Refinements (sync and async):

const schema = z
  .object({
    password: z.string().min(8),
    confirmPassword: z.string(),
  })
  .refine((data) => data.password === data.confirmPassword, {
    message: 'Passwords do not match',
    path: ['confirmPassword'],
  })

const form = useForm({
  initialValues: { password: '', confirmPassword: '' },
  schema: zodSchema(schema),
  onSubmit: async (values) => {
    /* ... */
  },
})

Async refinements (e.g., server-side uniqueness check):

const schema = z.object({
  username: z
    .string()
    .min(3)
    .refine(
      async (username) => {
        const exists = await checkUsernameExists(username)
        return !exists
      },
      { message: 'Username is already taken' },
    ),
  email: z.string().email(),
})

Since zodSchema uses safeParseAsync, async refinements work automatically.

Transforms:

const schema = z.object({
  email: z
    .string()
    .email()
    .transform((s) => s.toLowerCase()),
  age: z
    .string()
    .transform((s) => parseInt(s, 10))
    .pipe(z.number().min(18)),
})

Discriminated unions:

const schema = z.discriminatedUnion('type', [
  z.object({
    type: z.literal('email'),
    email: z.string().email('Invalid email'),
  }),
  z.object({
    type: z.literal('phone'),
    phone: z.string().regex(/^\+?[\d\s-]+$/, 'Invalid phone number'),
  }),
])

How zodSchema Works Internally

  1. Calls schema.safeParseAsync(values)

  2. If result.success is true, returns &#123;&#125;

  3. If result.success is false, maps each ZodIssue to a ValidationIssue by converting each PropertyKey in issue.path to a string and joining with . (e.g., ["address", "city"] becomes "address.city"). Uses PropertyKey[] for path arrays to support both Zod v3 and v4.

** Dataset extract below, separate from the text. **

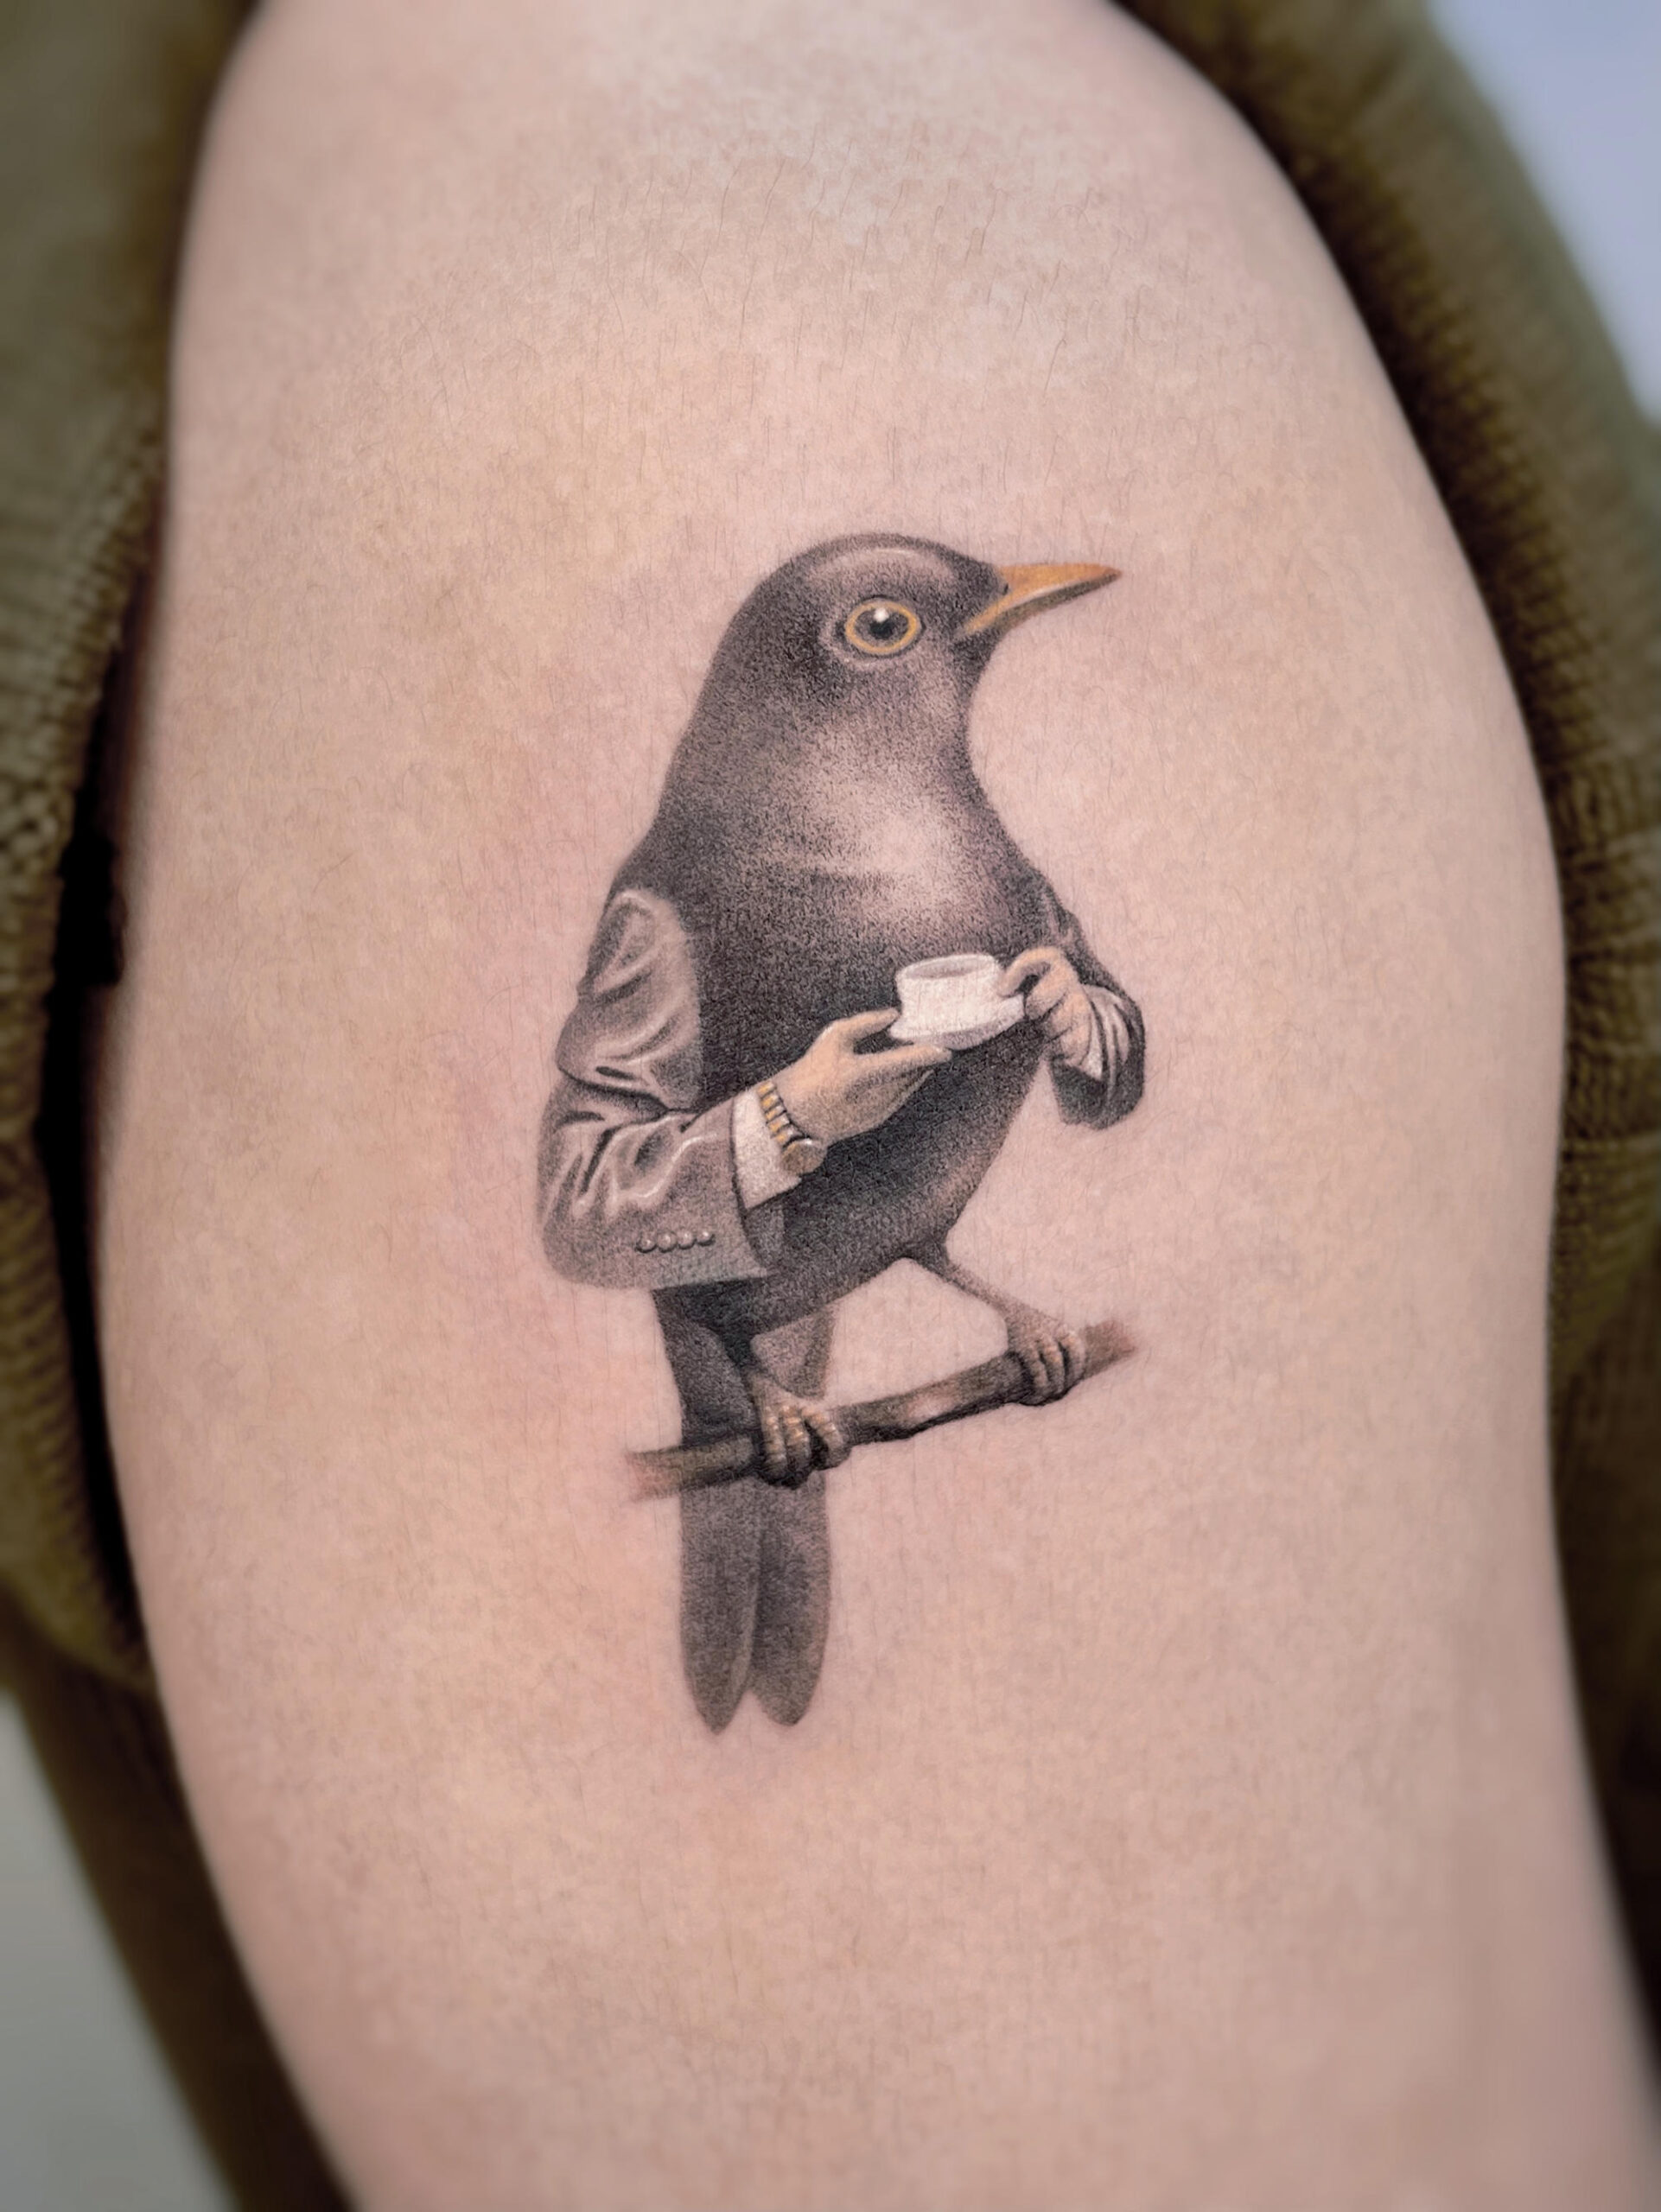 A tattoo by Gyan of a Victorian bird character sipping tea

  4. Passes the ValidationIssue[] array to issuesToRecord to produce the flat field-error record

  5. When multiple issues exist for the same path, the first error message wins

How zodField Works Internally

  1. Calls schema.safeParseAsync(value)

  2. If result.success is true, returns undefined

  3. If result.success is false, returns result.error.issues[0].message -- the first error message


Valibot Adapter

Valibot uses standalone functions rather than methods on schema objects. Because of this, the Valibot adapters require you to pass the safeParse or safeParseAsync function explicitly. The safeParseFn parameter is typed as Function (a generic callable) to avoid hard-coupling to any specific Valibot version.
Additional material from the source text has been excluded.